L’aide était accordée pour une année seulement, et sans porter préjudice aux libertés, privilèges ou franchises des trois états ; pendant sa durée, le roi renonçait à la levée de tous autres subsides existants, et notamment bénéfice des monnaies, promettant, tant pour lui que pour ses successeurs, de faire une monnaie et stable, savoir : des deniers d’or fin, de la monnaie blanche ou d’argent, et, pour la commodité du même peuple, de la monnaie noire ou billon, et des deniers et mailles de cuivre. Si cependant avant la fin de l’année la paix, pouvait se conclure, la gabelle et les impositions devaient cesser aussitôt, et les fonds non employés rester à la disposition et être appliqués à l’utilité des pays où ils auraient été levés. En adoptant ces conditions, le monarque annonça que, dans le cas de continuation de la guerre actuelle, et pour toute autre guerre qui pourrait naître à l’avenir, les états-généraux auraient à lui accorder une aide proportionnée aux besoins, mais toujours du consentement unanime des trois ordres ; et que, « si tous les trois estatz n’estoient d’accort ensemble, la chose demourroit sans determination. Mais, ajoute l’ordonnance, en ce cas nous retournerions à notre domaine des monnoyes et à nos aultres droits, » c’est-à-dire que le roi rentrerait dans le droit alors attribué à la couronne d’augmenter et de diminuer les monnaies, afin de profiter de cette variation[13].
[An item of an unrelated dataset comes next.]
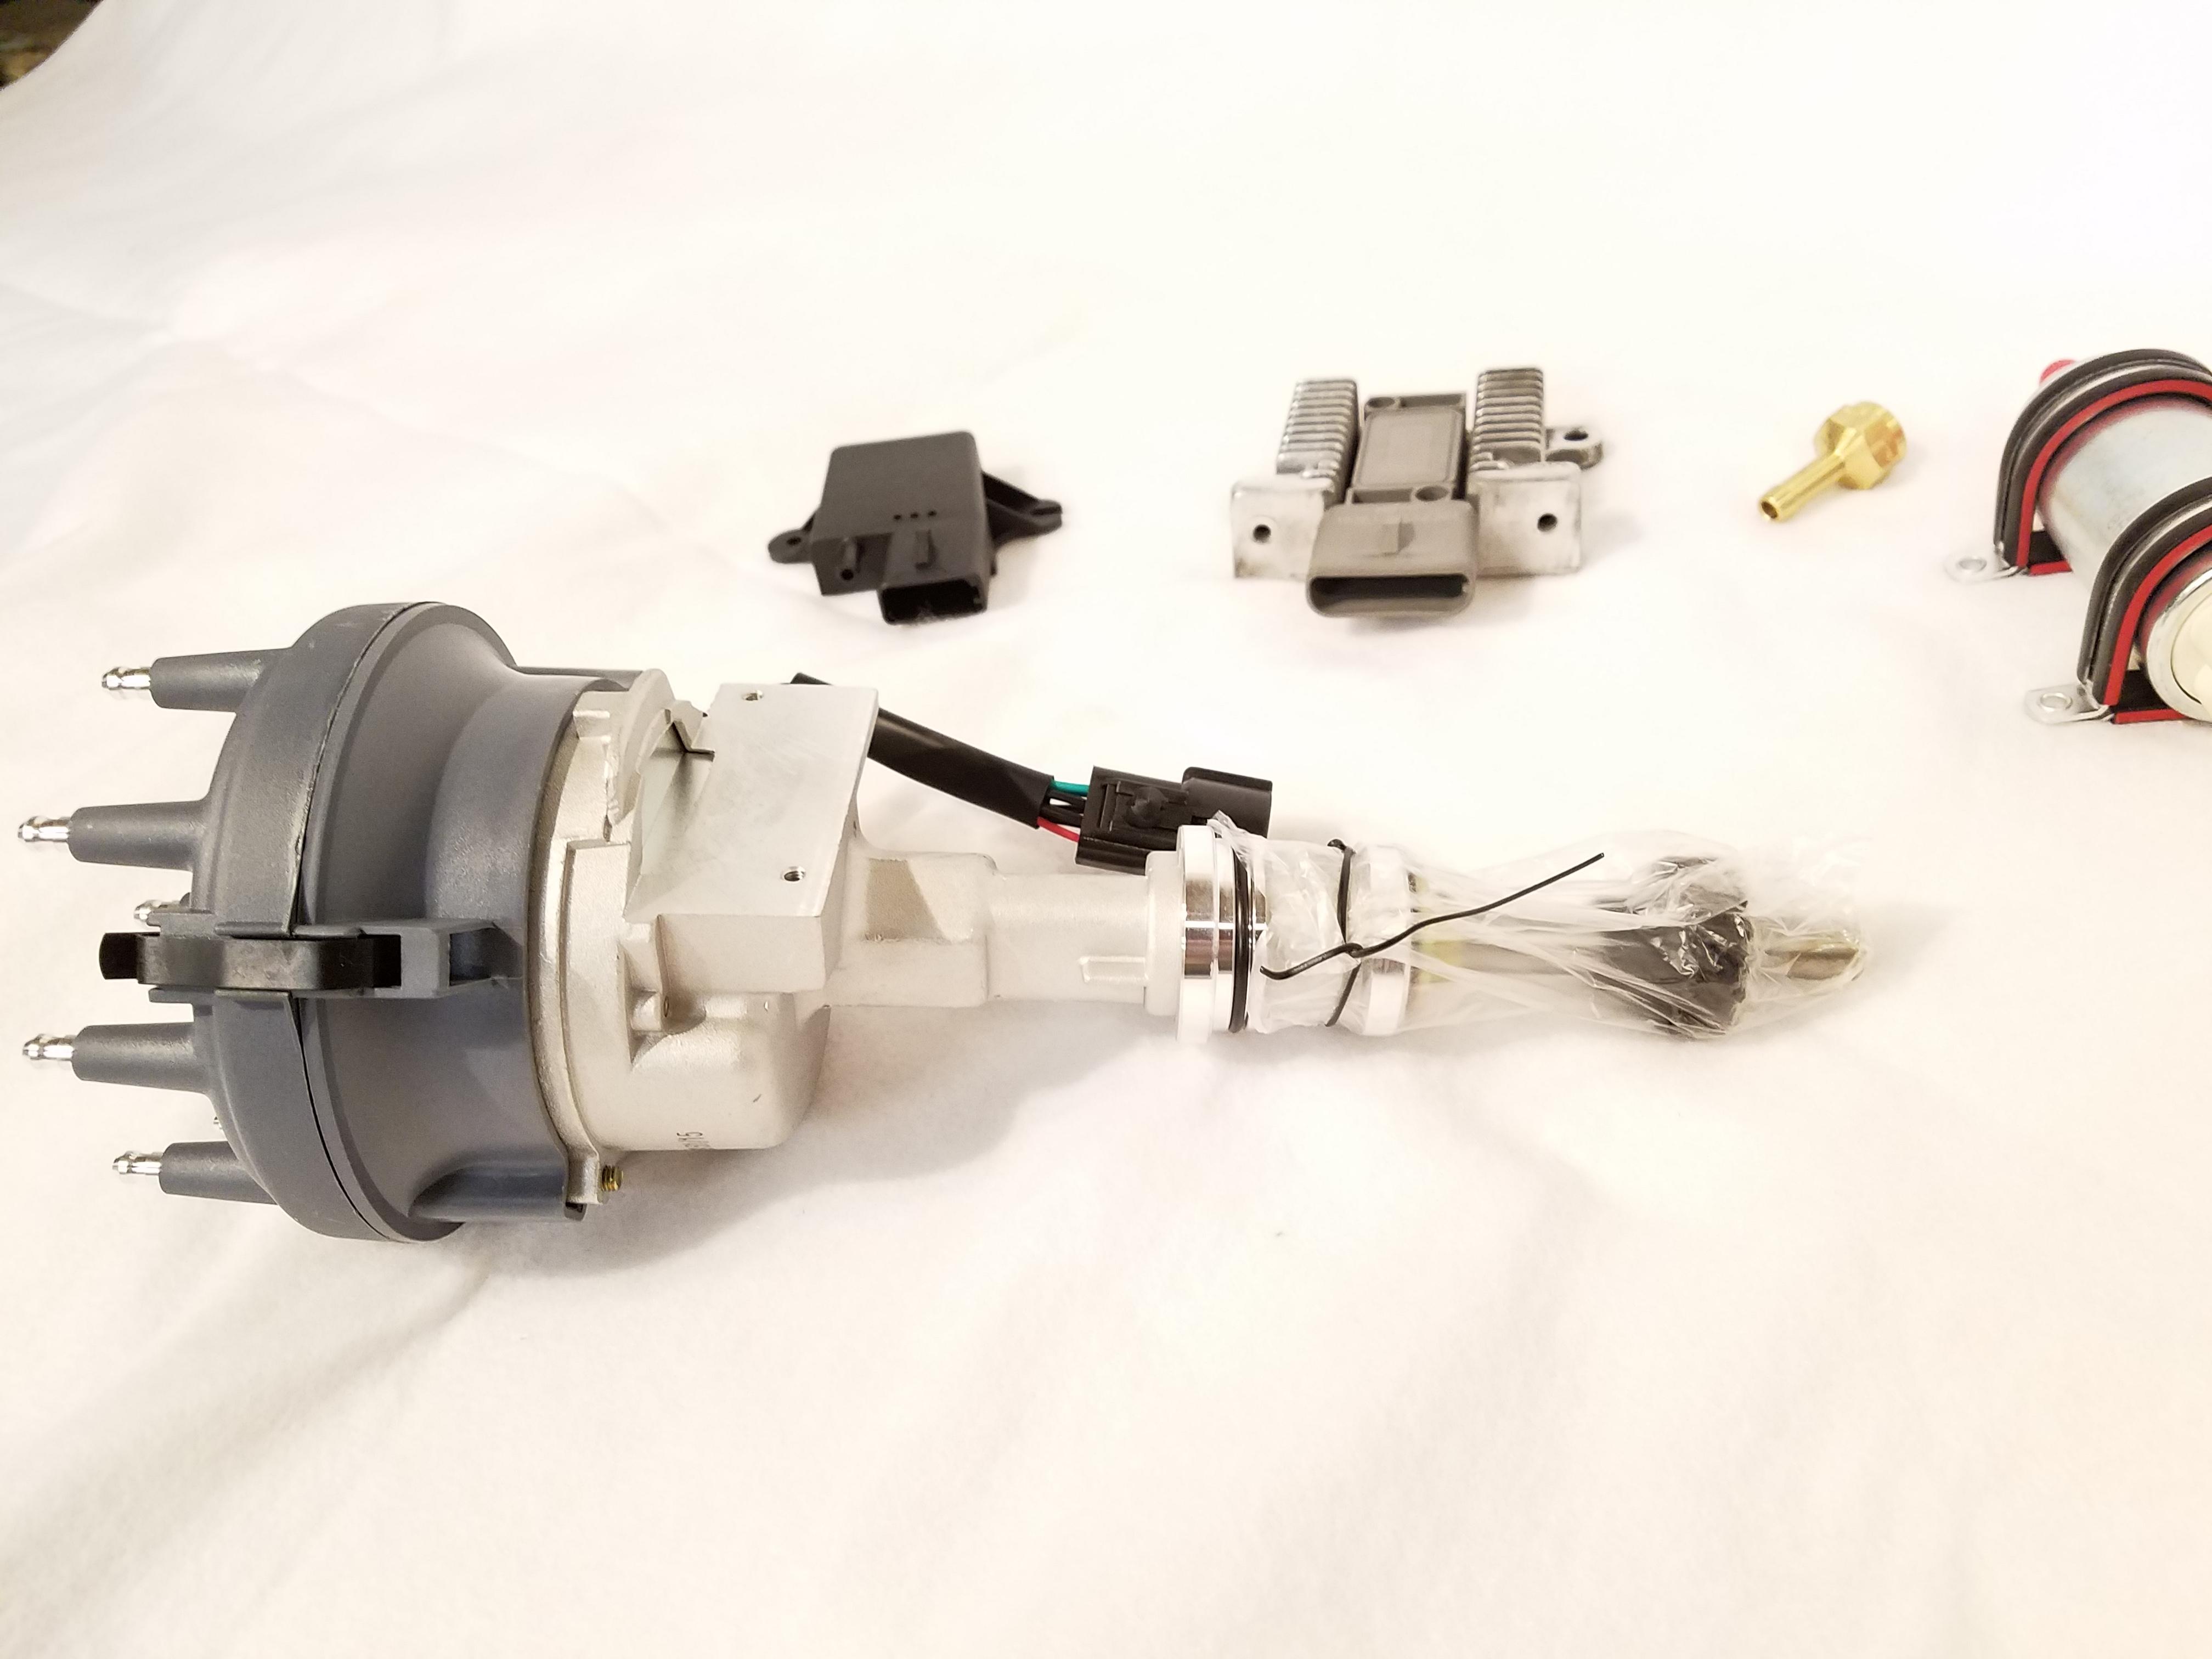 351W : Low Profile EFI Kit

Du consentement donné par les états-généraux à l’établissement d’un subside extraordinaire, et de la réserve que faisait la couronne, résultait une espèce de contrat dont l’accomplissement eût été utile à tous, puisque, en accordant au gouvernement les secours réclamés pour la défense du pays, au moyen d’impôts consentis, il devait épargner aux différentes classes les pertes fréquentes et les troubles occasionnés par l’abus du seigneuriage, ressource funeste que la nécessité du temps portait la royauté à revendiquer encore comme un droit domanial, nonobstant l’abandon que Saint-Louis en avait fait. Jusque là, les états-généraux n’avaient pas dépassé l’objet de leur convocation ; ils s’en écartèrent en s’attribuant le choix et la nomination des préposés à la perception de l’aide, par des commissaires pris dans le sein de l’assemblée, et qu’elle envoya dans les différentes provinces. Ces députés particuliers avaient le nom d’élus. L’assemblée choisit encore, dans chacun des trois ordres, trois généraux ou super-intendants des aides. Ces neuf généraux, dans lesquels on trouve l’origine de la cour des aides, étaient appelés à connaître des difficultés qui pourraient s’élever dans les rentrées, ou dans les moyens de contrainte; et leurs sentences, lorsqu’elles étaient rendues à l'unanimité devaient être exécutées sans appel, « comme arrests de parlement. » Ils n'étaient chargés d’aucune recette; et afin qu’ils ne fussent pas comptables, ils avaient sous leurs ordres deux receveurs généraux[14].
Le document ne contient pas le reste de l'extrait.